Starbucked will help readers understand why we owe Starbucks quite a bit of credit for transforming coffee culture and triggering a chain of events that is helping consumers realize their own transformative power via the choices they make for their daily cup.
Revised on December 21, 2020
I disagree. There have been so many people prior to SB making and using better beans.
Besides, Peets was an integral part in the start-up of SB, especially since they bought from him in the first place.
They get too much credit! ; (
People who are into coffee know Peet's and would agree (I see where you're coming from), but the average person on the street would have little idea.
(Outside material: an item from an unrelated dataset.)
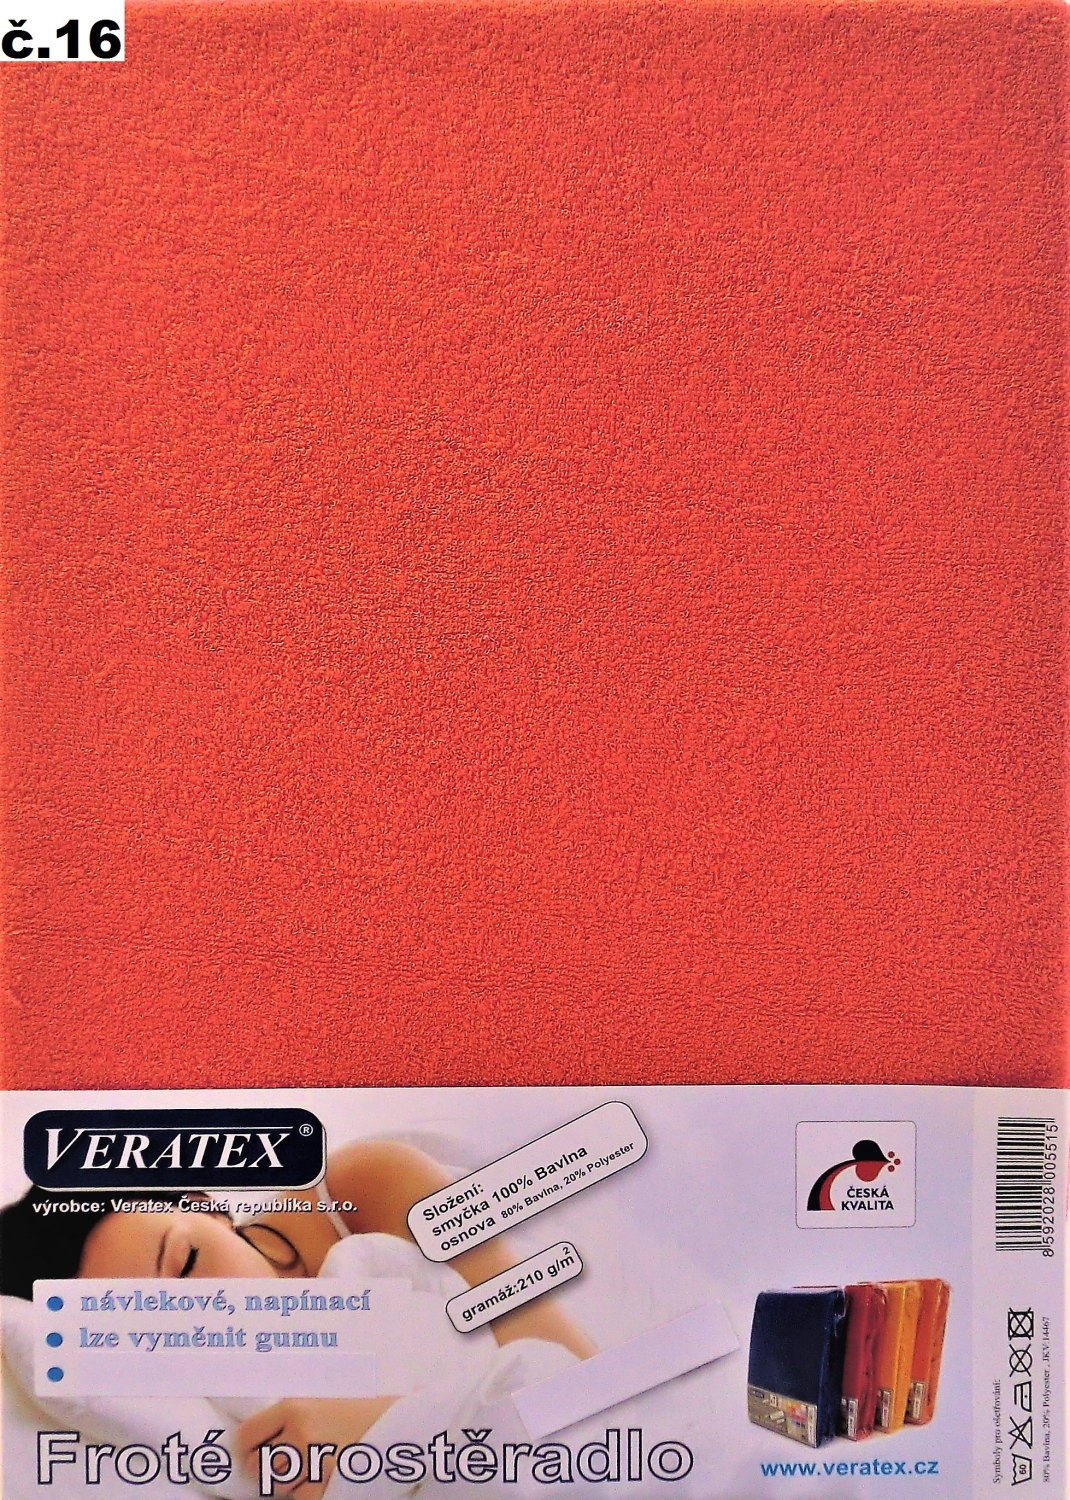 Veratex Froté prostěradlo jednolůžko 90x200/25cm (č.16 malinové)

It's the ubiquity of Sbux that put specialty coffee into the minds and hands of the masses.
What's more interesting to me about Starbucks is not whether it's a corporate monster or angel, but rather its continuing social impact. It's a fascinating microcosm of our new ethos, which demands infinite choice, yet craves familiarity.
I agree, Leora. I minored in sociology, and the book (and SBUX story in general) was really interesting to me from that angle alone.